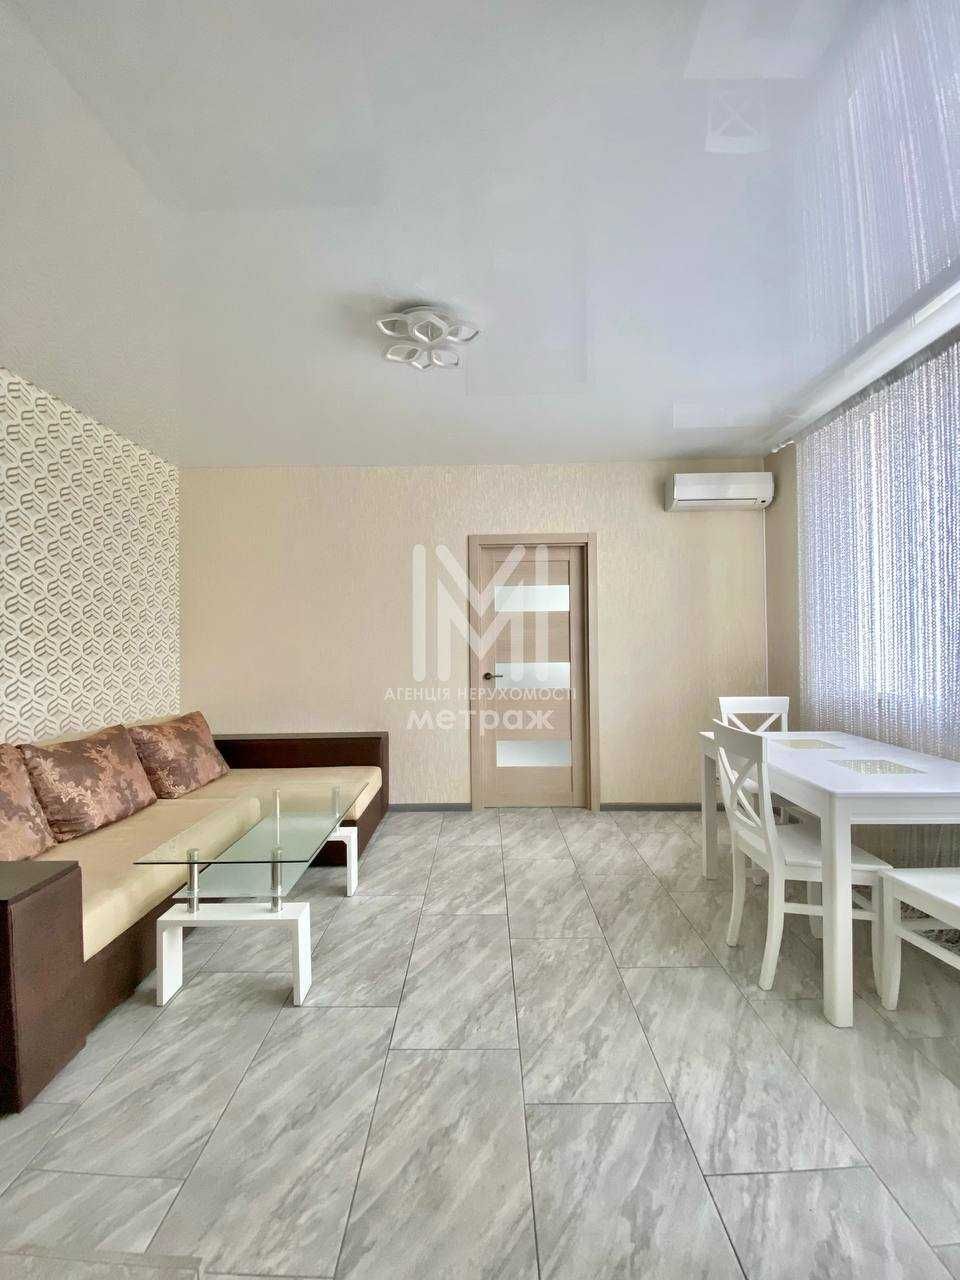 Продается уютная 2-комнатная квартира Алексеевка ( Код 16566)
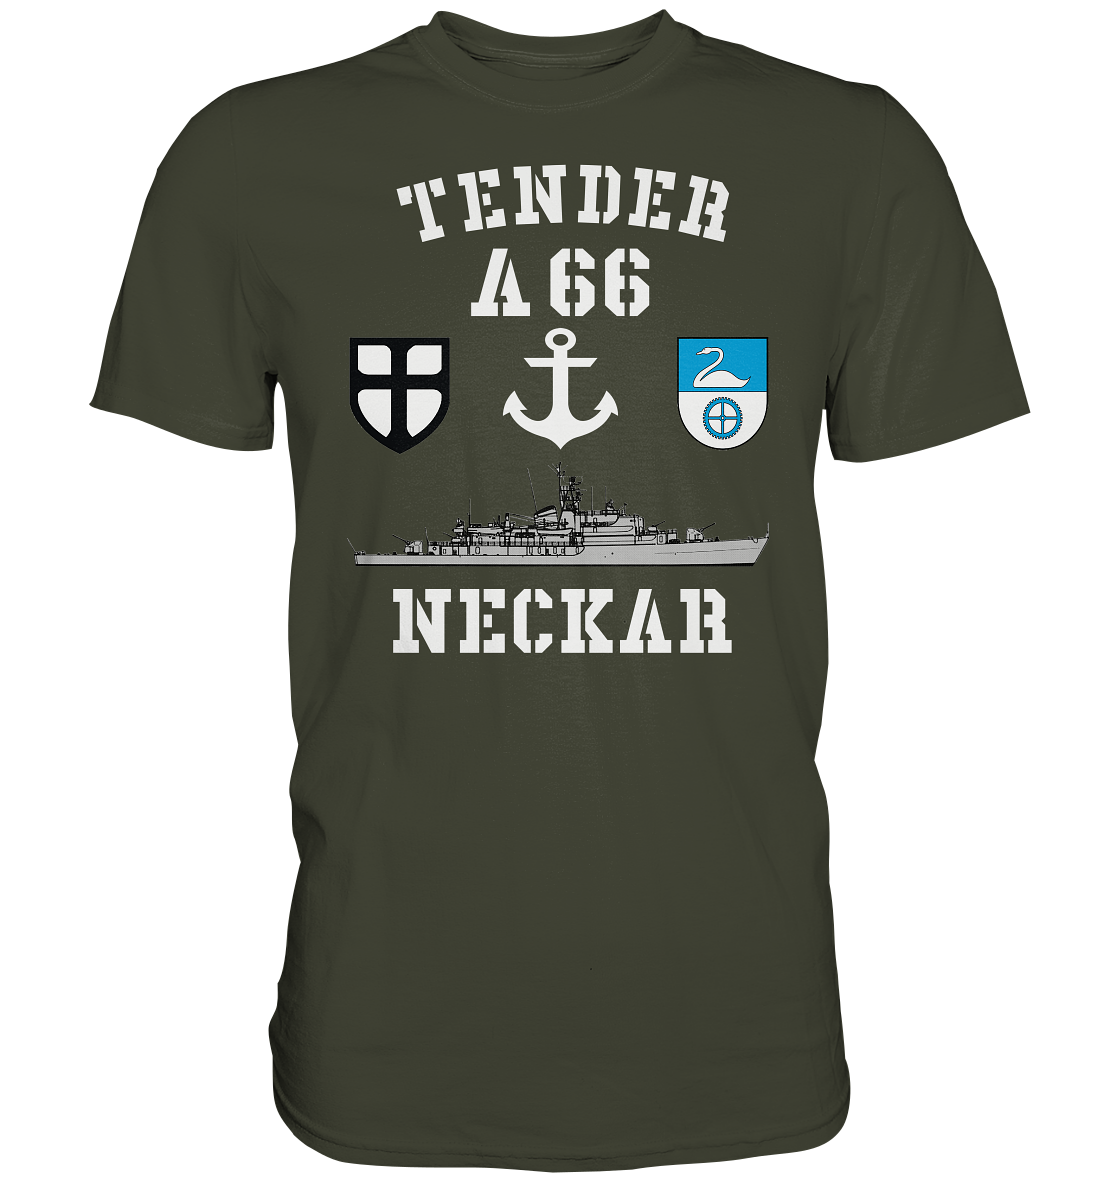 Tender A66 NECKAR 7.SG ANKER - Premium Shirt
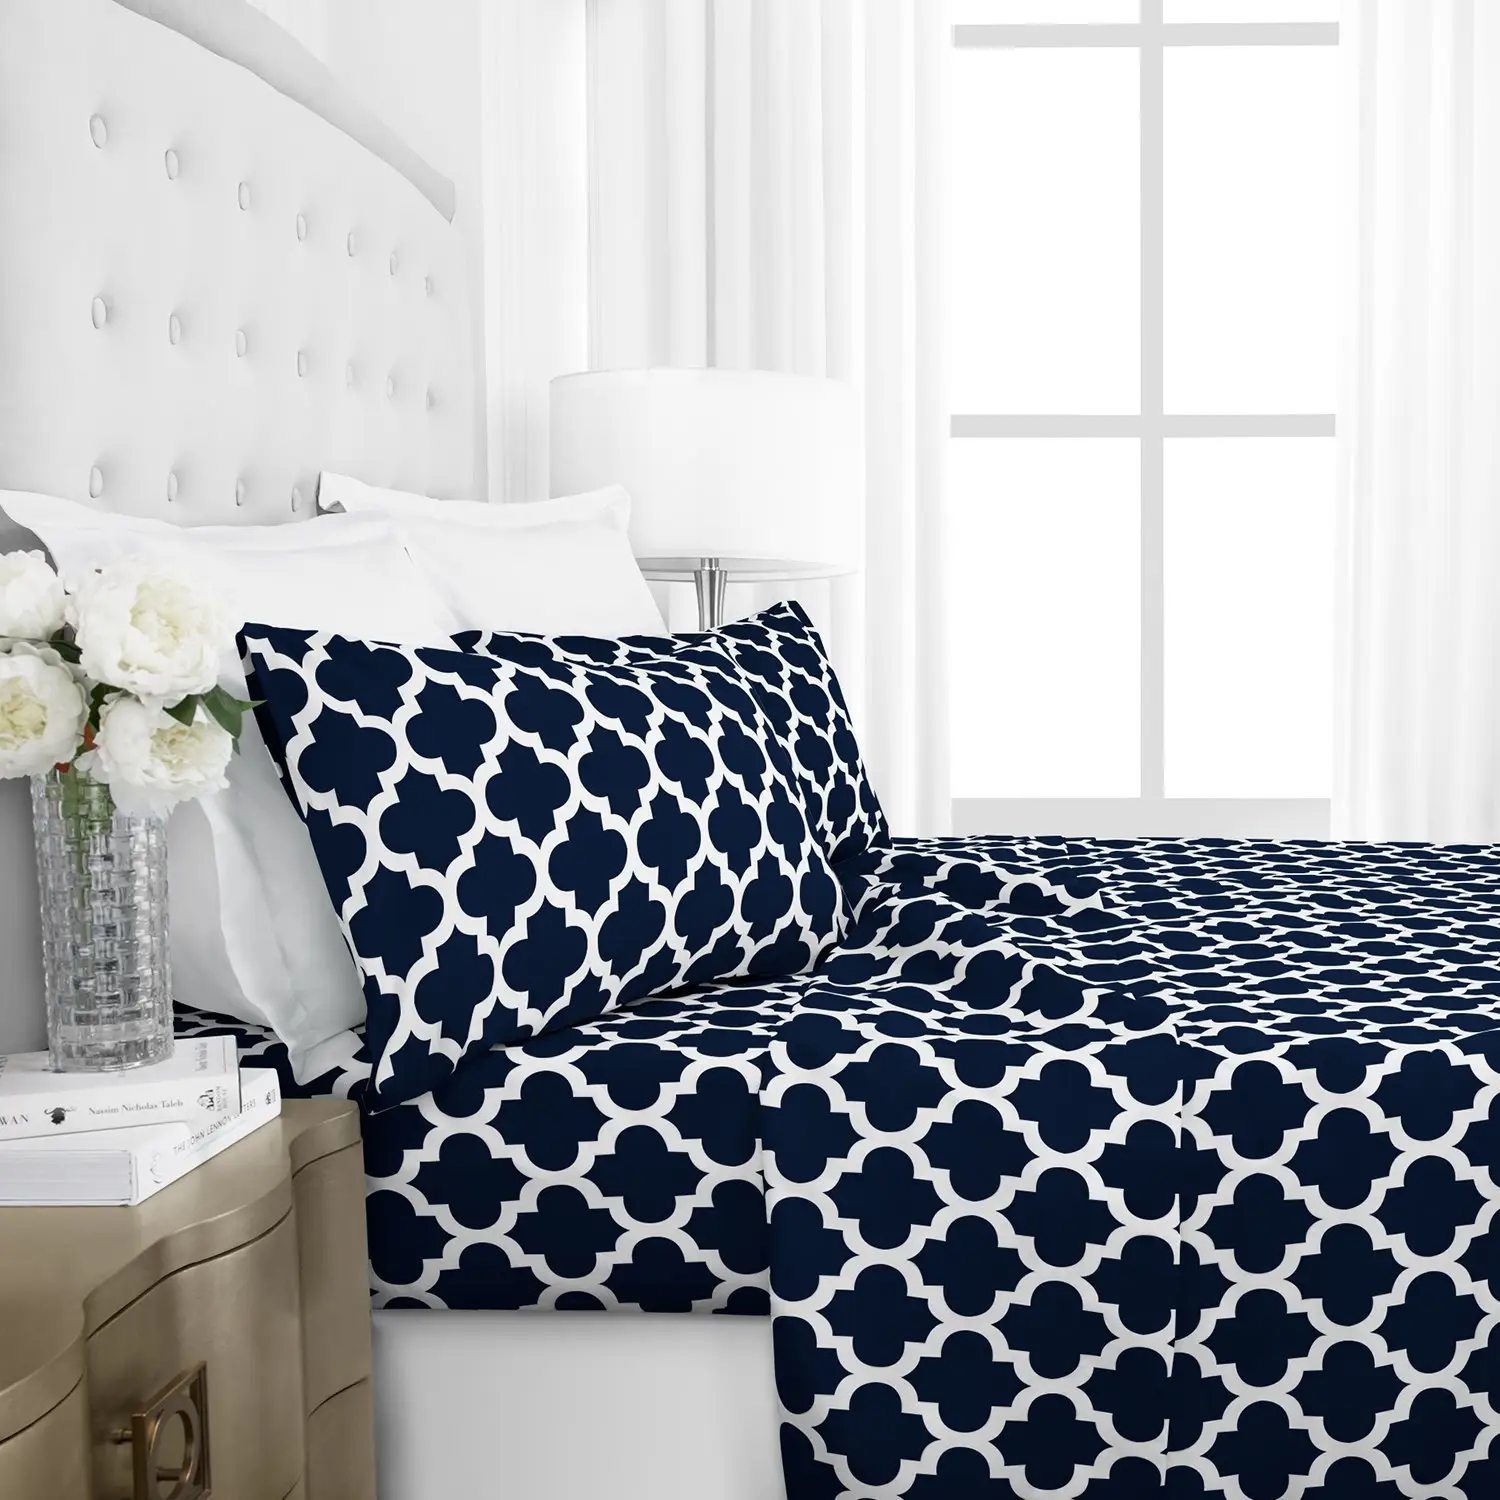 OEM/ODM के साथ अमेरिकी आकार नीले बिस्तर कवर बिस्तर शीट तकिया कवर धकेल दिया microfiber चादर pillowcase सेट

= = = = =

* _WORK TASK_
Reproduce the material above in full and without alteration, but skip all pictures.

* _RESPONSE AREA_
 Продается уютная 2-комнатная квартира Алексеевка ( Код 16566)
 Tender A66 NECKAR 7.SG ANKER - Premium Shirt
 OEM/ODM के साथ अमेरिकी आकार नीले बिस्तर कवर बिस्तर शीट तकिया कवर धकेल दिया microfiber चादर pillowcase सेट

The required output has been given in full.